Desk editor's note, referee report, simulated authors' rebuttal, and a circularity audit. Tearing a paper down is the easy half of reading it; the pith above is the substance, this is the friction.

Desk Editor's Note private letter to a colleague

This extends the proper decision tree framework to hypersurface splits and gives the first claimed optimal solver, but the high worst-case complexity and lack of shown runtimes leave the practical payoff unclear.

read the letter

The main point is that the authors adapt He and Little's proper decision tree setup to produce optimal trees whose splits are degree-M polynomial hypersurfaces instead of axis-parallel ones. They give an explicit algorithm with worst-case time O(K! × N^{DG+G}) and add a pruning strategy plus an incremental linear-time feasibility check. The design is also written so the same pattern can accelerate other optimal tree variants and supports vectorization for parallel work. That is the concrete advance: no earlier ODT method handled hypersurface splits at all, so the extension itself is new relative to the axis-parallel and binary-feature literature they cite.

Referee Report

2 major / 2 minor

Summary. The paper claims to present the first algorithm for computing optimal decision trees with hypersurface splits given by degree-M polynomials. Building on He and Little's proper decision tree framework, the algorithm is stated to run in O(K! × N^{DG+G}) time (with G depending on K, M, and D), to admit effective pruning that improves practical performance over the worst-case bound, and to include an incremental procedure reducing feasibility checks from quadratic to linear time.

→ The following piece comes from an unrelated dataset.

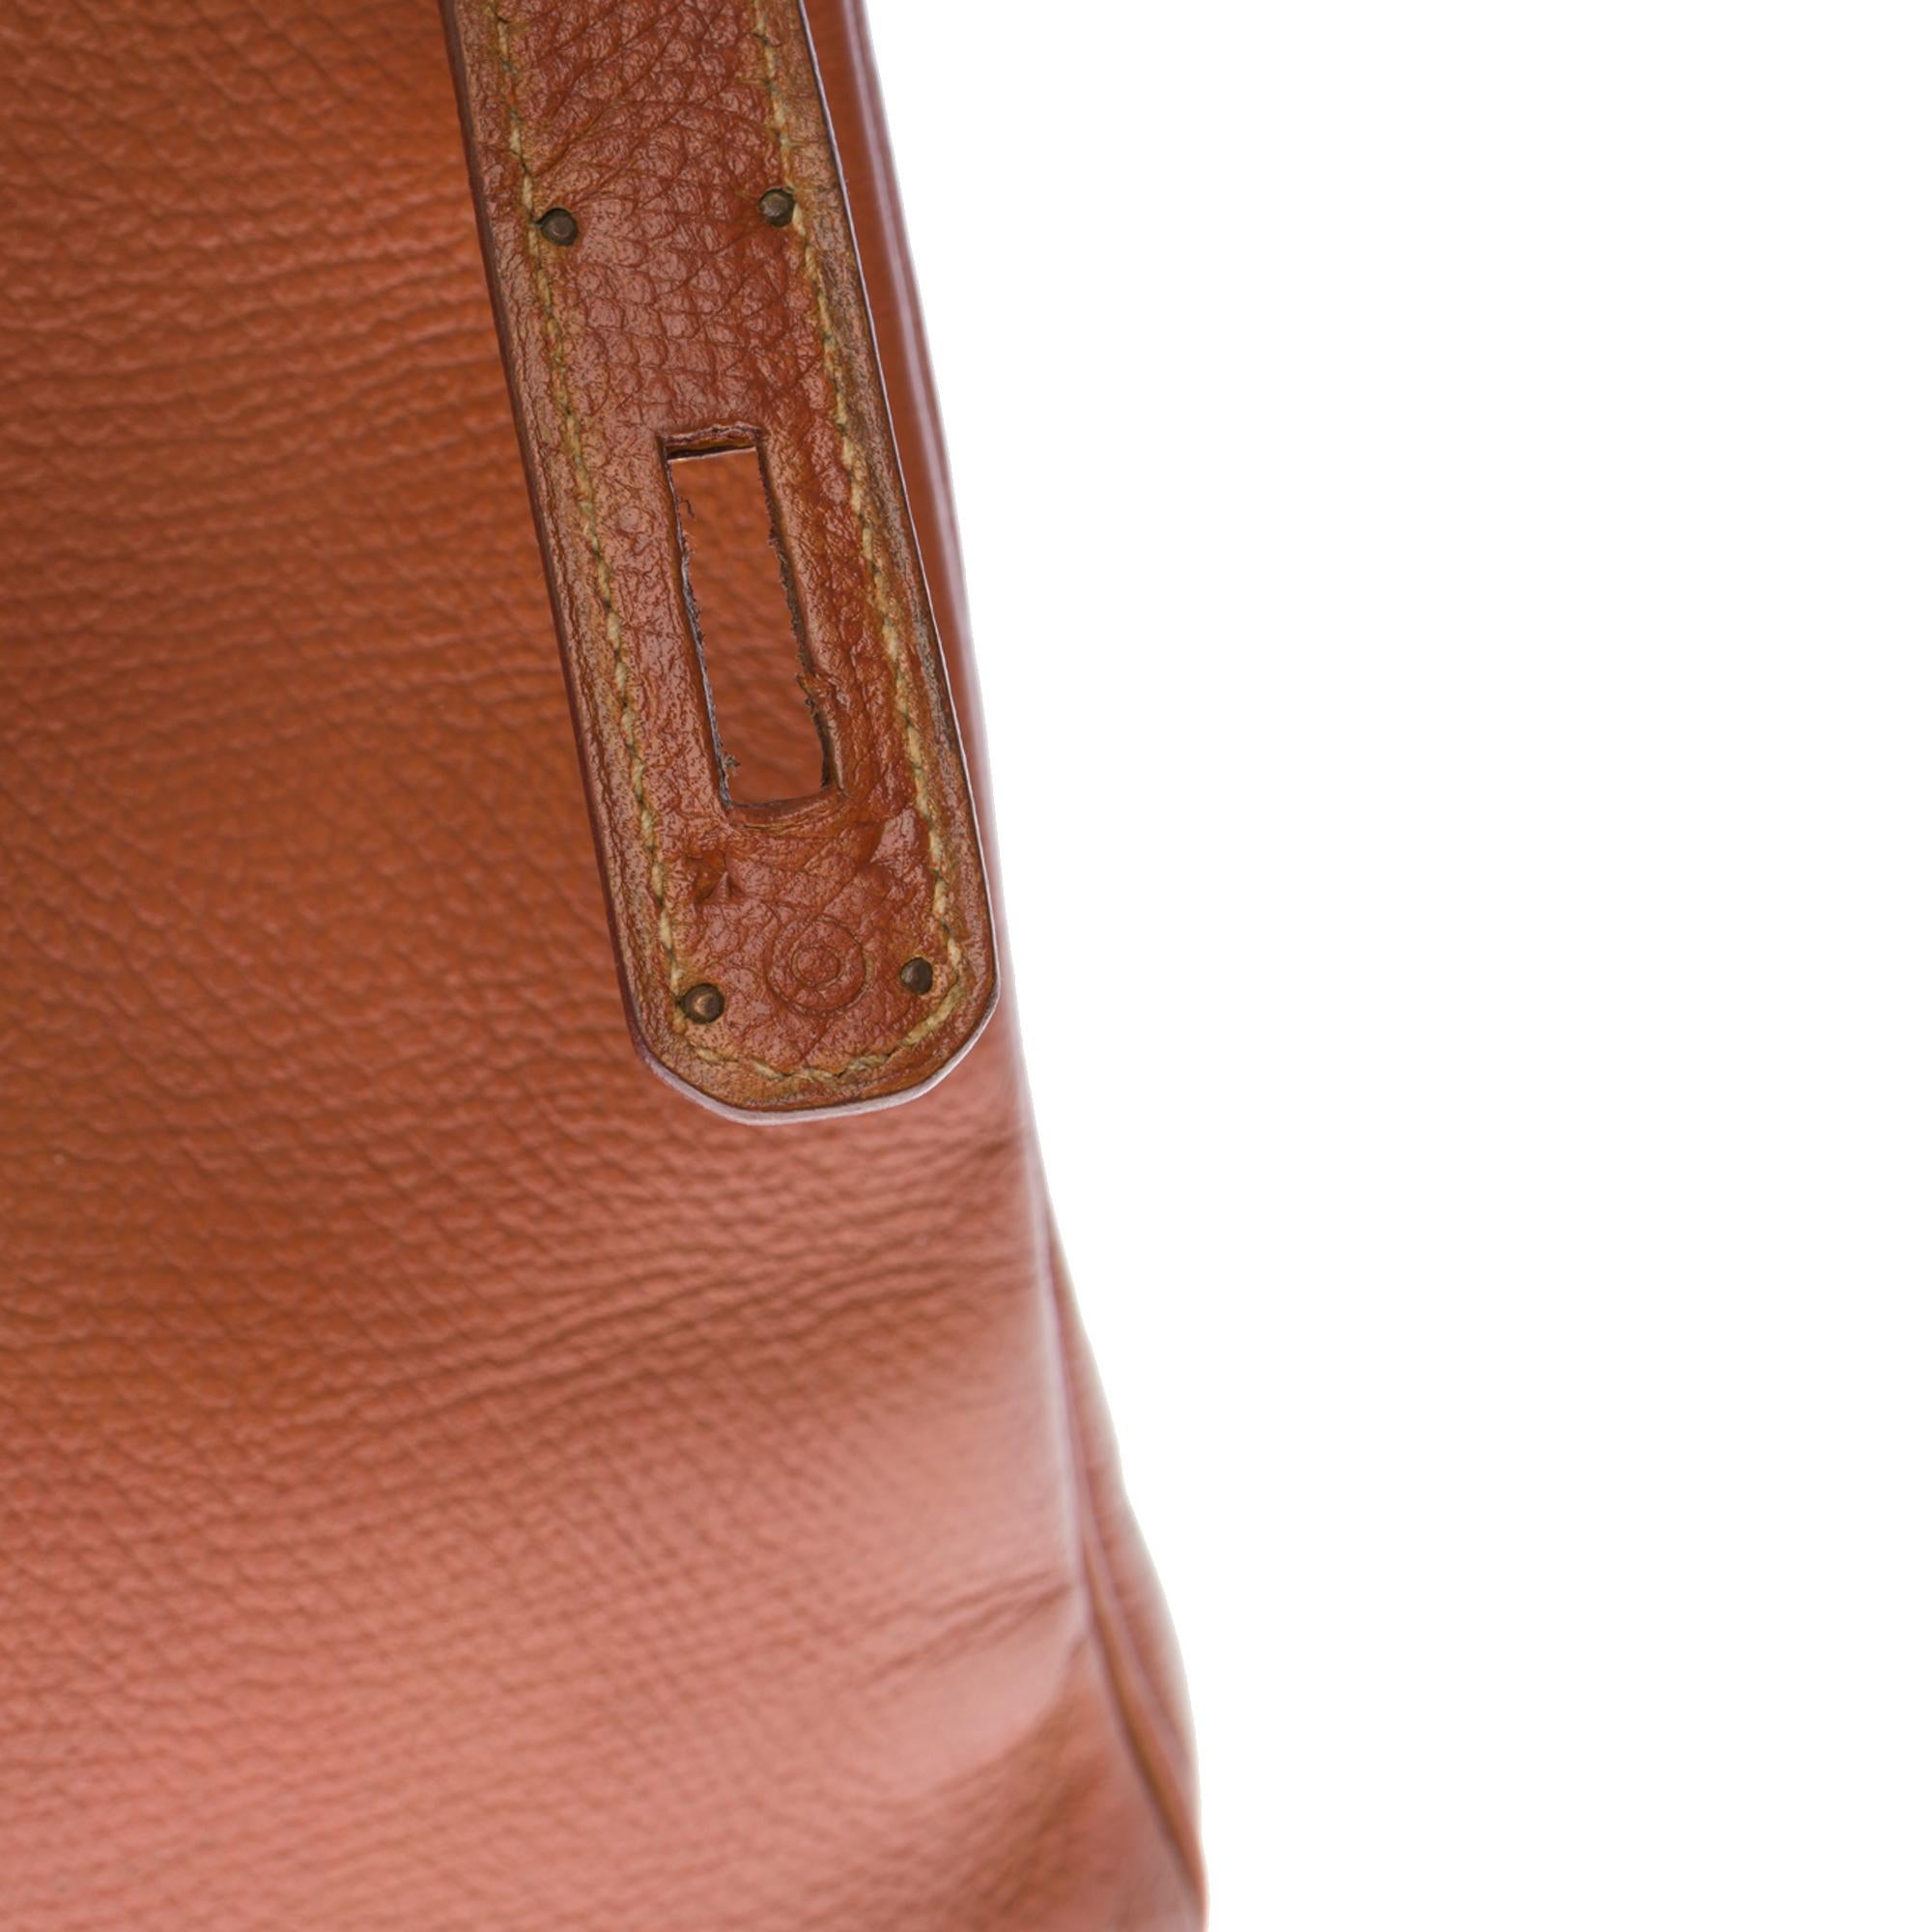 Hermès Kelly 28cm retourné handbag with strap in Gold Courchevel leather, GHW 1

The design is also claimed to be vectorizable and general enough to accelerate other optimal decision tree variants.

Significance. If the algorithm is correct and the complexity bound is achieved, the result would meaningfully advance optimal decision tree research by increasing split expressivity beyond axis-parallel or binary features while retaining a (worst-case) polynomial dependence on N. The pruning strategy and incremental feasibility check would be useful practical contributions, and the vectorization/generality aspects strengthen the work's applicability.

major comments (2)

[Abstract and algorithm description] The central claim that the algorithm solves the optimal hypersurface decision tree problem rests on the proper decision tree framework generalizing without optimality gaps when axis-parallel splits are replaced by degree-M hypersurfaces. The abstract states the complexity and the existence of pruning/incremental procedures but does not supply the derivation showing that the enumerated configurations are complete with respect to the true optimum (i.e., that every optimal hypersurface is reachable via the finite enumeration and dynamic-programming structure). This is load-bearing for the optimality guarantee.
[Complexity and pruning sections] The stated complexity O(K! × N^{DG+G}) implicitly counts feasible hypersurface configurations per node. If the feasibility check only considers a restricted subset (e.g., hypersurfaces defined by subsets of data points) rather than all degree-M polynomials that could be optimal, the algorithm could return a suboptimal tree while still terminating in the claimed time. The incremental linear-time check is mentioned but its completeness relative to the optimum is not verified.

minor comments (2)

[Abstract] The dependence of G on K, M, and D is described only qualitatively; an explicit formula or recurrence for G would clarify the bound.
[Background and notation] Notation for the hypersurface parameters and the exact definition of a 'configuration' should be introduced earlier to aid readability.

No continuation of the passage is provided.